End Balance Calculation (After Solver Execution):

• Once the solver’s operation is executed, the endBalance is calculated by summing solverOp.value and bidAmount.

endBalance = solverOp.value + bidAmount

• This new balance reflects the total ETH in the contract, including both the solver’s original contribution and the bid amount.

Miscalculated Condition:

• The function checks if endBalance < startBalance + bidAmount, but this check is flawed.
• endBalance already contains both solverOp.value and bidAmount, so the function is checking an inflated value, leading to an incorrect comparison. This causes the condition to fail, resulting in incorrect bid validation.

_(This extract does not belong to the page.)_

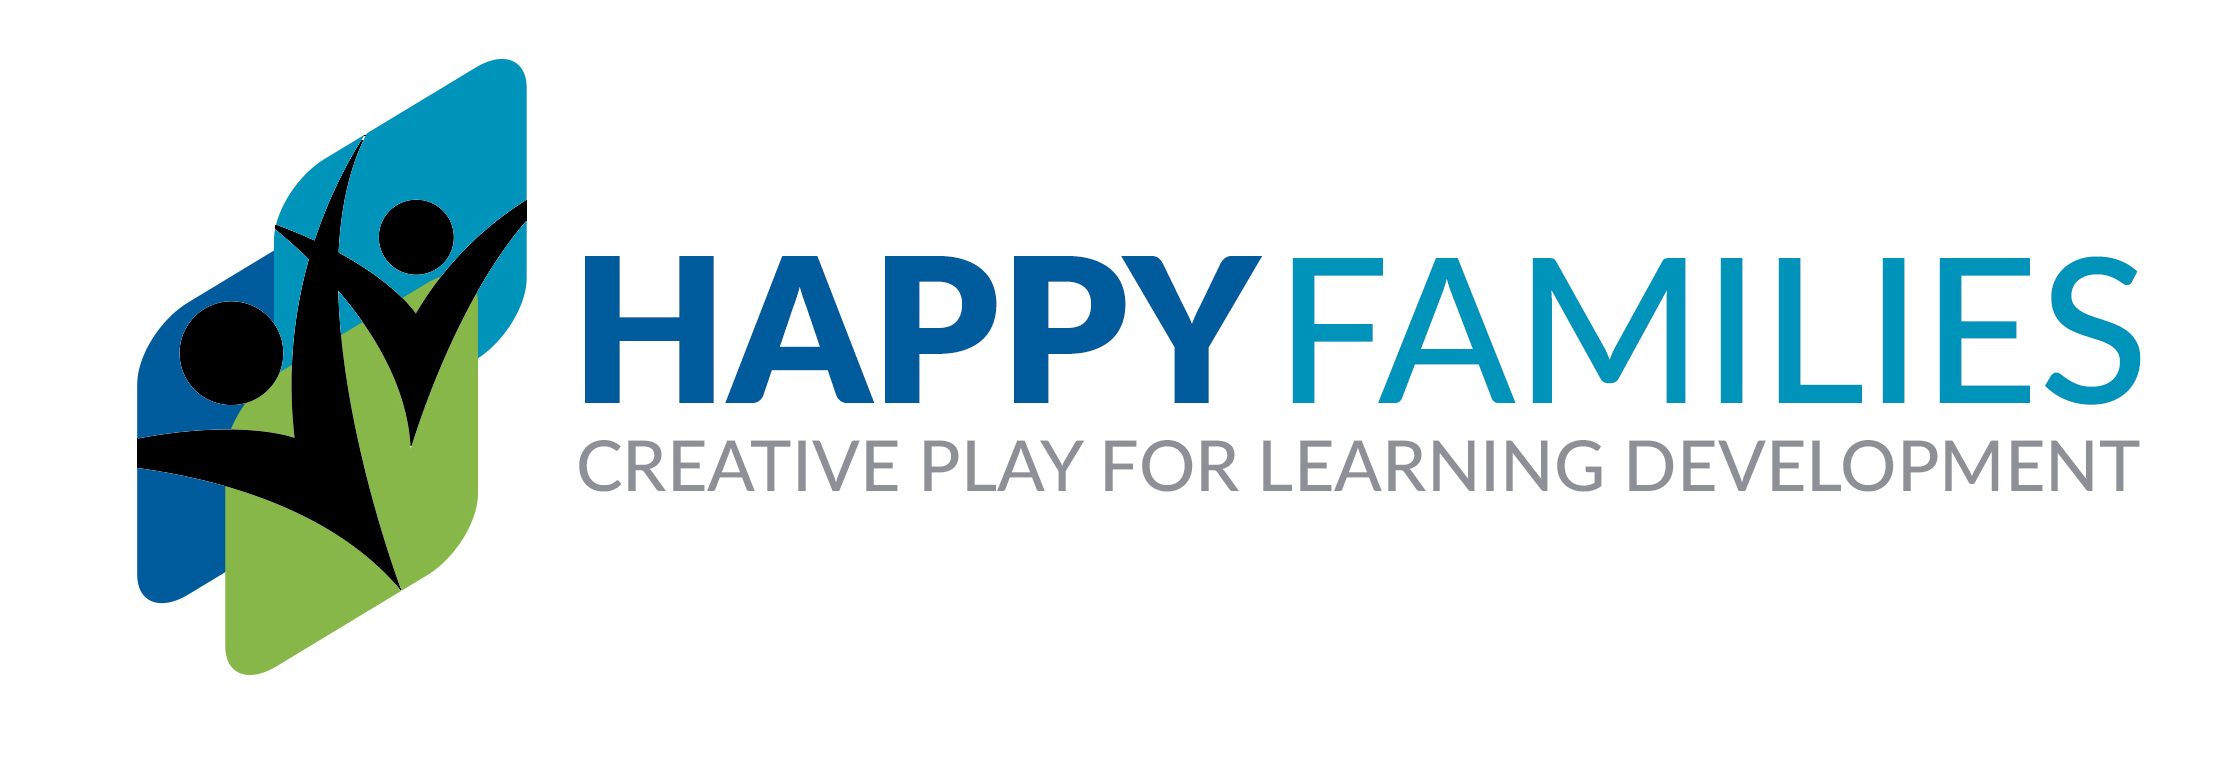 Happy Families Childcare Ltd

Incorrect Final End Balance Calculation:

• The contract then subtracts the bidAmount from the endBalance to calculate the remaining balance.

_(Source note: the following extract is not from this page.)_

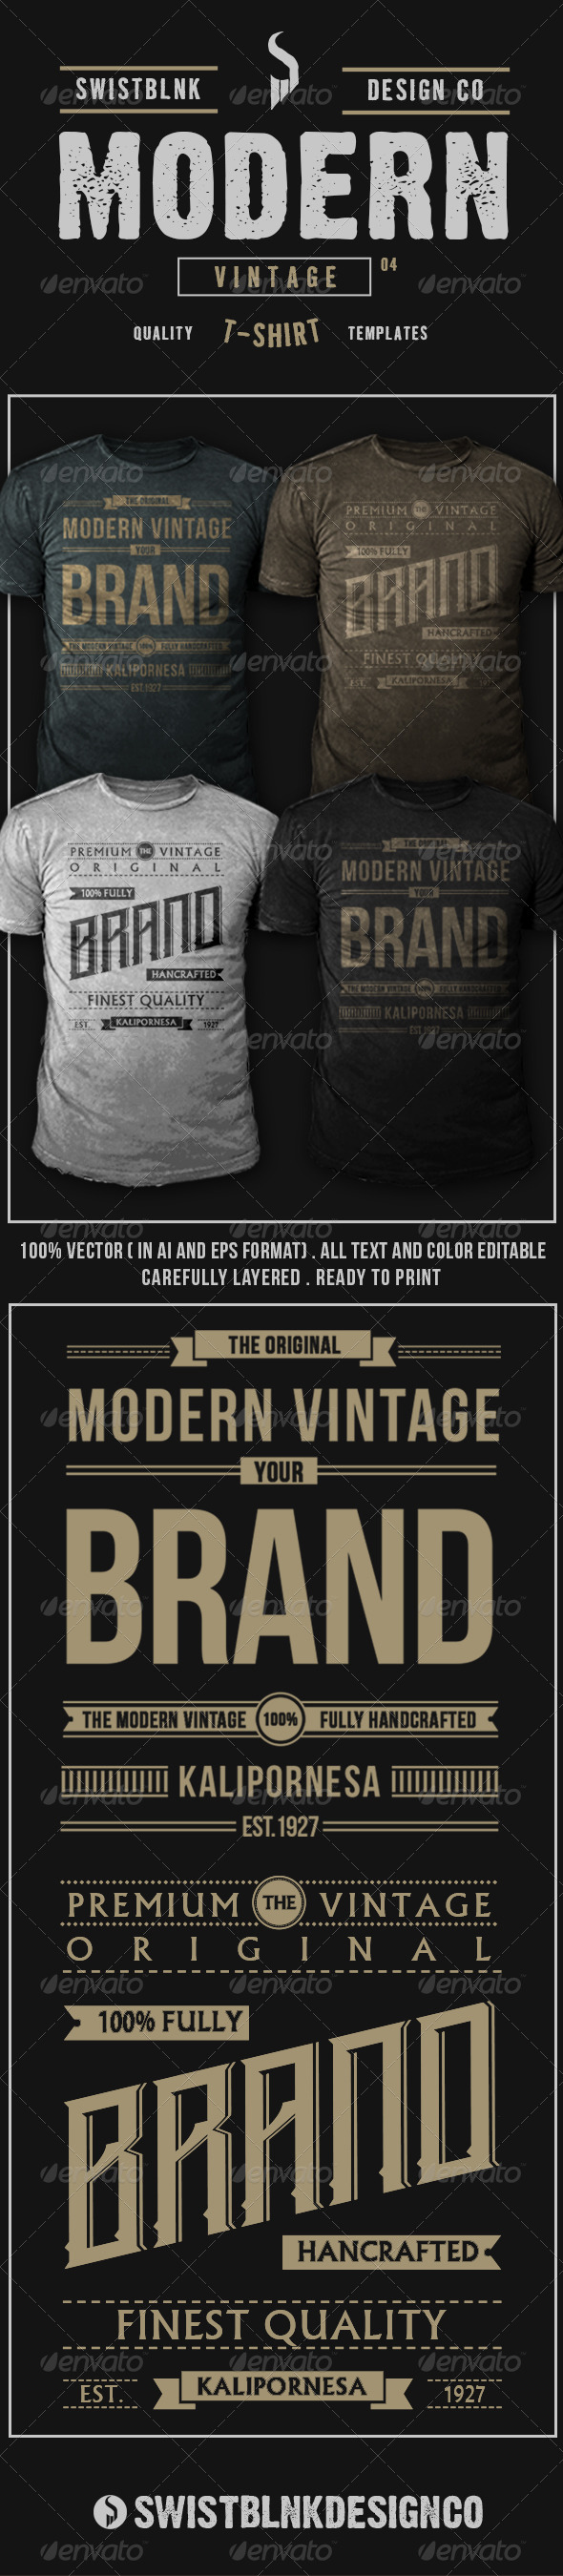 Modern Vintage T-Shirt 04 - Designs T-Shirts

Incorrect Final endBalance = endBalance - bidAmount

• Since endBalance already includes solverOp.value + bidAmount, subtracting only the bidAmount leaves the solverOp.value as extra ETH in the balance, leading to an incorrect result.

Extra ETH Leftover (Miscalculation):

• As a result, the contract retains extra ETH, known as ExtraEthEndBalance, because the solverOp.value wasn’t fully accounted for in the subtraction.
• The incorrect formula leaves an inflated balance, causing bid validation to fail and introducing an error in the system.

Correct vs. Incorrect Calculation

• Incorrect Calculation (ExtraEthEndBalance):

ExtraETH (ETH): endBalance - bidAmount

• This calculation is wrong because it leaves the solverOp.value in the balance, leading to extra ETH in the contract.
• Correct Calculation (ExtraEthBalance):

ExtraETH (ETH): (endBalance - startBalance) - bidAmount

• This formula correctly subtracts both the start balance (solverOp.value) and the bidAmount, resulting in an accurate remaining balance.

Case 2: _bidFind == False and invertsBidValue == True (ETH):

Initial Contract State:

• The contract balance starts at zero, with no pre-existing ETH in the contract before the solver's bid is processed.

Start Balance Calculation:

• The Start Balance is calculated as solverOp.value, which is the amount of ETH sent by the solver to initiate the contract balance.
• This is the initial amount of ETH in the contract before the solver submits their bid.

startBalance = solverOp.value

Solver Submits Bid: The solver sends two values:

• solverOp.value: The ETH provided by the solver to initiate the contract balance.
• bidAmount: The amount the solver is bidding for the operation.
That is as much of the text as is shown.